El sistema acusatorio y un poquito de historia

Autor: Javier Dondé Matute

Es común que se señale al sistema acusatorio como el marco de derecho procesal penal que México debe seguir para dar respuesta a la (igualmente) generalizada insatisfacción con los juicios penales en nuestro país. Para ello se ha recurrido al estudio de los sistemas procesales de países que han implementado dicho sistema, o lo tienen casi de manera innata: Chile, Colombia, Argentina, Reino Unido y Estados Unidos.
Como alguien que se proclama como un estudioso del derecho comparado e internacional, cualquiera podría suponer que este sería un fenómeno de gran satisfacción para mí, sin embargo ocurre lo contrario, pues se trata de un ejemplo más de la falta de memoria por parte de los mexicanos. Aunque hay otros ejemplos en los cuales la falta de memoria es mucho más notoria y reciente, en este caso no es necesario (aunque pudiera ser útil, no lo niego) basta con remontarse al texto original de la Constitución Federal de 1917 para encontrarse las bases de un sistema acusatorio. Es igualmente sorprendente que los historiadores del derecho no estén expresando “se los dije” de forma reiterada y en cada foro sobre la reforma penal (a lo mejor la explicación está en que no los invitan).


Quizás el rasgo más característico del sistema del ’17 es que el agente del Ministerio Público jamás podía tener detenida a una persona. No se contemplaba un plazo de detención como ahora, con las famosas 48 horas. Si una persona era sorprendida en flagrancia debía ser consignada de inmediato.
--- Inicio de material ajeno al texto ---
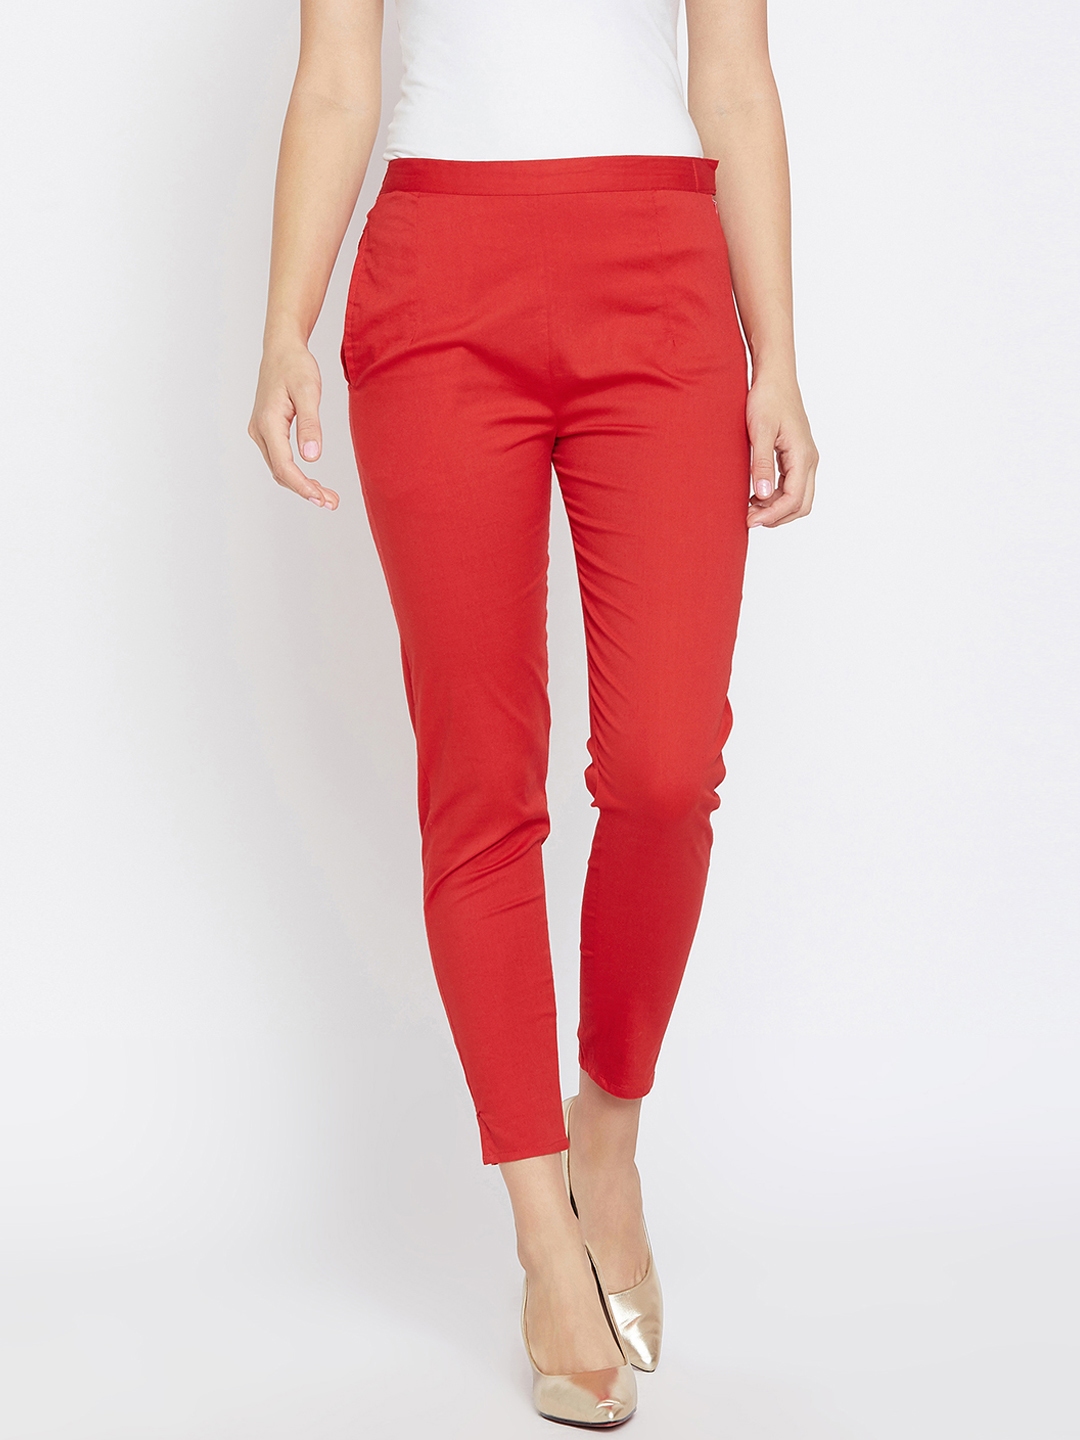 Buy Dollar Missy Parry Red Regular Fit Cigarette Trousers for Women Online   Tata CLiQ

En el supuesto que fuera necesario solicitar una orden de aprehensión solamente se requería “denuncia, acusación a querella de un hecho determinado que la ley castigue con pena corporal, y sin que estén apoyadas aquéllas por declaración, bajo protesta de persona digna de fe o por datos que hagan probable la responsabilidad del inculpado,…”

Estos requisitos eran mucho menos gravosos para el agente ministerial que el actual cuerpo del delito y la probable responsabilidad.
En cuanto al sistema acusatorio, se cumplía con la judicialización casi inmediata del proceso. Es decir, al establecer un umbral probatorio tan bajo, se preveía que todos los procesos penales, deberían ser llevados a cabo frente al juez. En nuestro sistema actual el Ministerio Público debe establecer un umbral probatorio mucho más amplio, pero además está dotado de fe pública, que significa que sus actuaciones son casi incontrovertibles o lo que es peor, se revierte la carga de la prueba en contra del acusado, pues a la defensa le corresponde desvirtuar lo sostenido por el agente ministerial en la averiguación previa. Esto viola el principio de presunción de inocencia y constituye al agente del ministerio público en un juez de instrucción de facto.
Pasemos a la siguiente etapa procesal, la llamada pre-instrucción. En el sistema del ’17 y en la actualidad se requiere comprobar el cuerpo del delito y la probable responsabilidad para poder iniciar un proceso penal. En el texto original, esto tenía sentido, pues como no se había alcanzado este umbral probatorio, en 72 horas el agente ministerial debía conseguir (o simplemente exhibir) más pruebas para poder iniciar el proceso propiamente dicho.
Por su parte, en el esquema actual, ya se tuvo que haber comprobado el cuerpo del delito y la probable responsabilidad para haber consignado, ¿entonces de qué sirve dictar un auto de término constitucional de 72 horas después, que requiere los mismos requisitos que una orden de aprehensión? La respuesta de los operadores del sistema es casi siempre unánime: “para que la defensa desvirtué las pruebas aportadas por el ministerio público.” En la práctica esto es cierto, pero es igualmente cierto que se vuelve a revertir la carga de la prueba en contra del acusado.

En el sistema original se presenta lo que me gusta denominar una “escalada probatoria”, pues en cada uno de los pasos o etapas importantes del proceso se le exige un poco más al órgano acusador. Así, en un primer término solamente es necesaria una declaración o meros datos, después comprobar el cuerpo del delito y la probable responsabilidad, por último, en la sentencia es necesario probar el delito y la responsabilidad completamente.
Lo que acabo de describir es la base de un sistema acusatorio, con una judicialización temprana, una exigencia probatoria escalonada para el Ministerio Público y un reconocimiento de derechos procesales casi inmediato, pues el artículo 20 constitucional operaba desde que la persona era consignada, lo cual ocurría rápidamente.
La forma en la cual este esquema acusatorio se fue desvirtuando ha sido ampliamente discutida y analizada (en gran parte por los historiadores del derecho) y no forma parte de esta reflexión. Tampoco es mi intención regresar al sistema constitucional original. Lo único que pretendo es compartir el hecho de que el sistema acusatorio no es novedoso en nuestro país y está más cerca de nosotros que lo comúnmente esperado.